Sur le couvercle intérieur il y a gravé « GRAND PRIX PARIS 1900 ». Le Grand Prix de Paris est une distinction prestigieuse décernée aux meilleurs horlogers du monde lors de l’Exposition Universelle de 1900 à Paris. L’exposition était une foire mondiale qui mettait en avant les dernières réalisations en science, technologie, art et culture. Certaines des marques de montres les plus célèbres, comme Omega, Zenith et Longines, ont rivalisé pour l’honneur d’être reconnues comme les meilleures dans leur domaine. Les gagnants du Grand Prix de Paris avaient la possibilité de graver le boîtier de leur montre de poche avec les mots « Grand Prix Paris 1900 » en signe d’excellence et de distinction.
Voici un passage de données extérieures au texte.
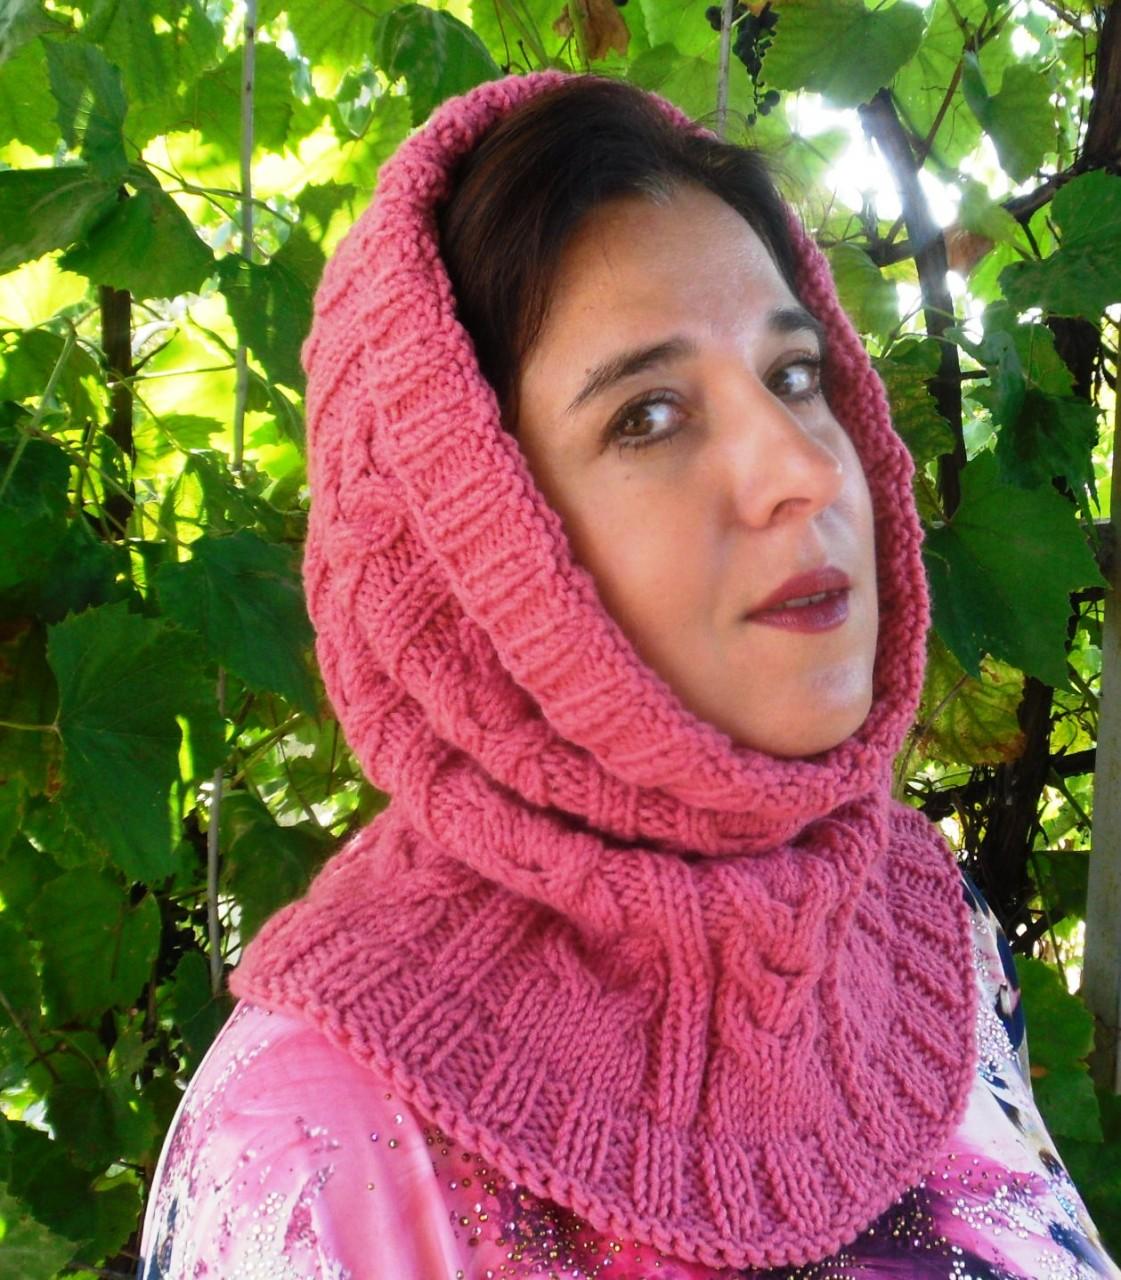 Вязание женского капора с «косами». Мастер-класс

Certaines de ces montres de poche sont maintenant très recherchées par les collectionneurs et les passionnés.

Sur l’arrière la superbe gravure d’un train avec le logo des chemins de fer de Turquie et le drapeau Turc.
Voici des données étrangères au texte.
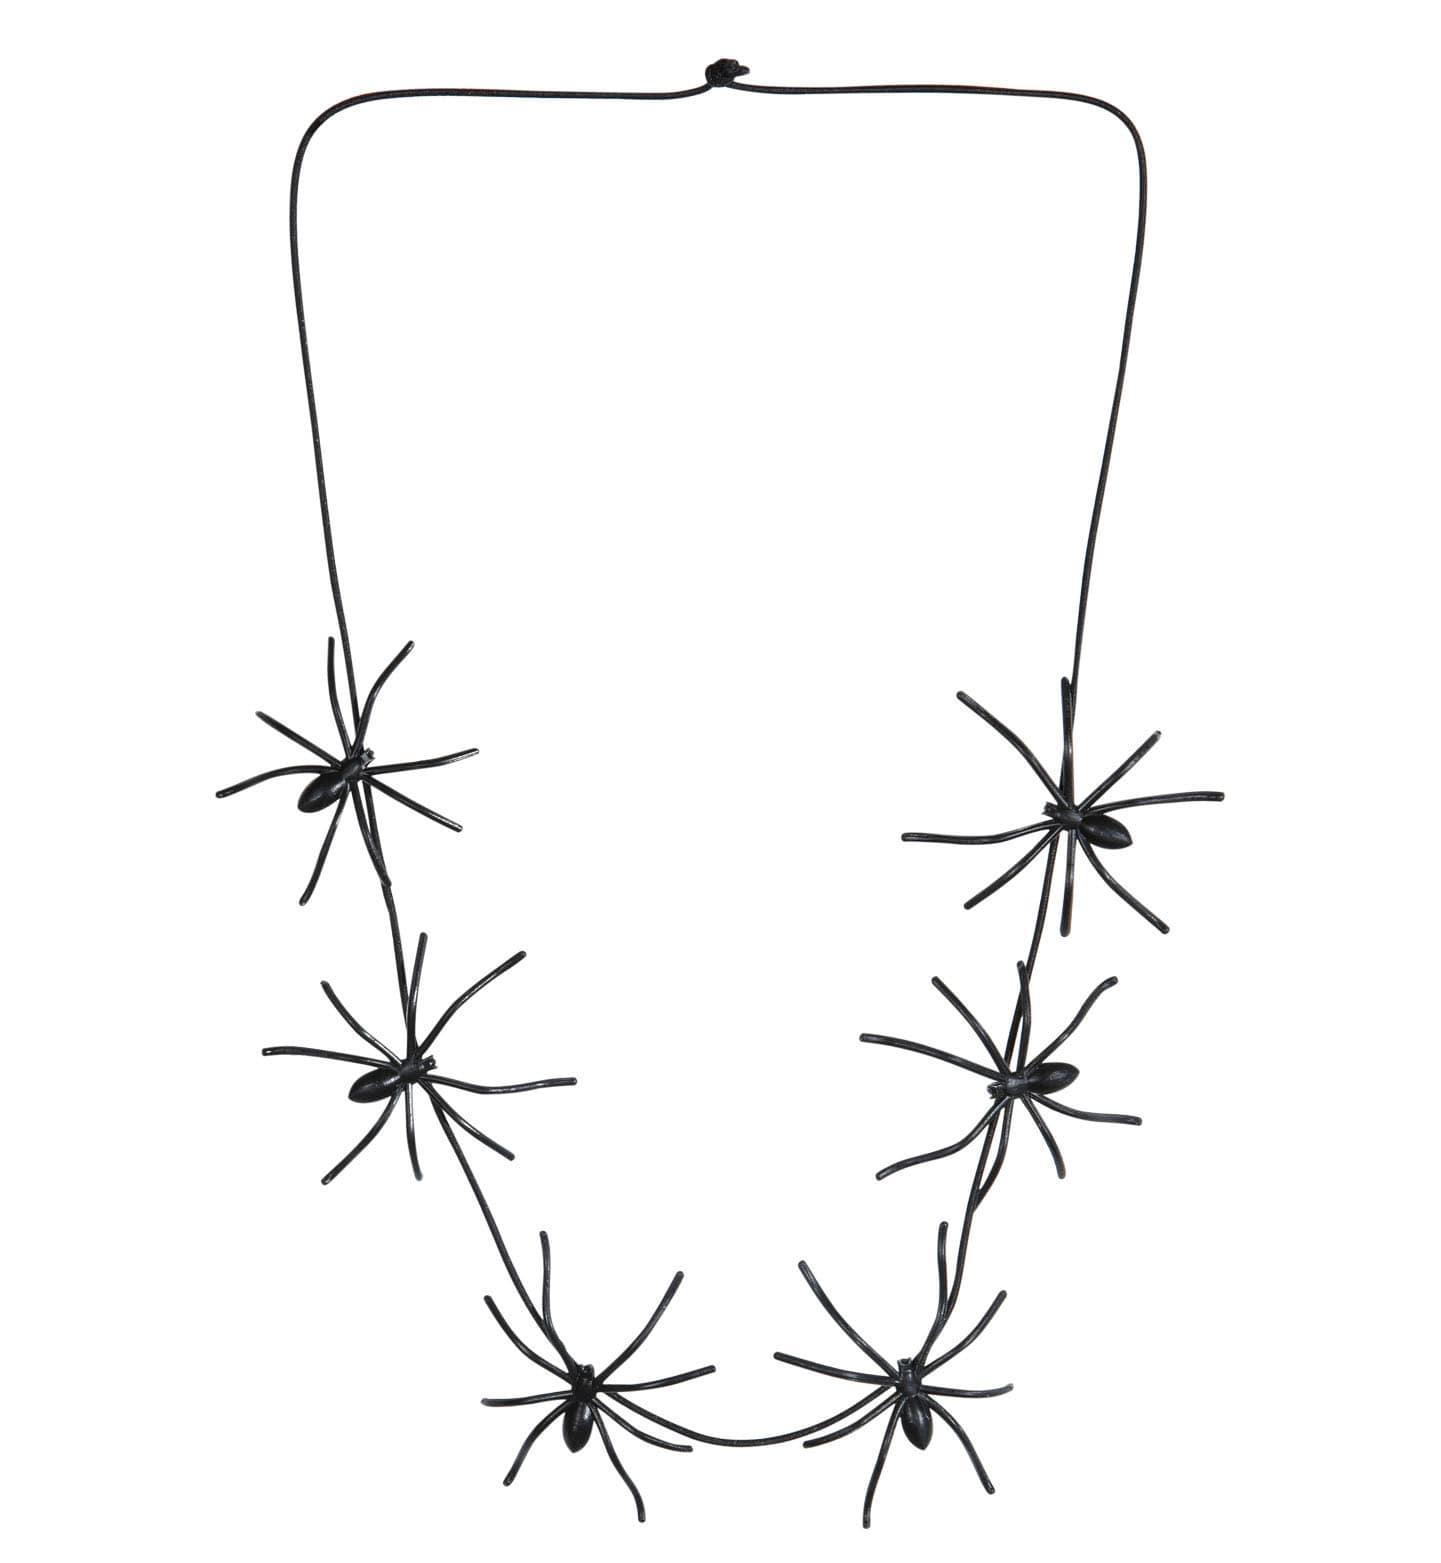 Ketting Spinnen 60 Centimeter

Époque : le numéro de série du mouvement nous informe sur son année de fabrication, 1952.

Dimensions : 49 mm de large, 67,5 mm à l’extrémité de la bélière (l’anneau) et 16 mm d’épaisseur verre compris.

Cadran : en métal émaillé de couleur blanche avec quelques coups et fêlure sans gravité, ce cadran est réduit à l’essentiel, tout juste ponctué par une petite seconde dans le compteur « en retrait » à 6H, des chiffres Arabes, l’inscription sur 24H au-dessus du chemin de fer, survolés par des aiguilles « poires » en acier bleui. Observez le sublime « chemin de fer » pour le détail les minutes.

Verre : neuf d’époque, minéral (en verre), bombé, biseauté, je l’ai remplacé lors de la révision complète.

Mouvement : il s’agit du calibre ZENITH 18-28-3-P créé en 1905, 18 lignes pour le diamètre, 28 douzième pour la hauteur, et 3 pour Lépine 3 ponts (au lieu de 4 pour certains avec un pont pour la roue d’échappement). Un mouvement mécanique à remontage manuel maison réalisant 18000 alternances/heures, protégé par 15 rubis, un organe régulateur muni d’un spiral Bréguet (voir la photo). Il a subi de nombreuses évolutions et modifications depuis 1905. Calibre très fiable, en parfait état de fonctionnement, contrôlé et révisé par mes soins. Notez que ce sont des frais que vous n’aurez pas à faire sachant qu’une révision complète pour ce genre de montre coûte autour de 190 € chez un horloger, chez Zenith c’est beaucoup plus cher pour le même travail, sans parler du délai…

Observations : Ce garde-temps est la représentation parfaite d’une montre de collection. Elle est métal très solide et date de la première moitié du XXè siècle. Le boîtier est en très bon état pour l’époque, on sent que les « différents locataires » ont apporté la plus grande attention, ils savaient certainement la valeur de l’objet … Il n’y a pas grande chose à dire de plus, les photos traduisent sont état. Tout le monde connaît Zenith et les prix de leurs vieux modèles qui ont atteints des hautes sommes depuis une vingtaine d’années, je ne peux pas vanter la marque, elle n’en a pas besoin… Si … A ce prix, vous n’en trouverez jamais dans cet état.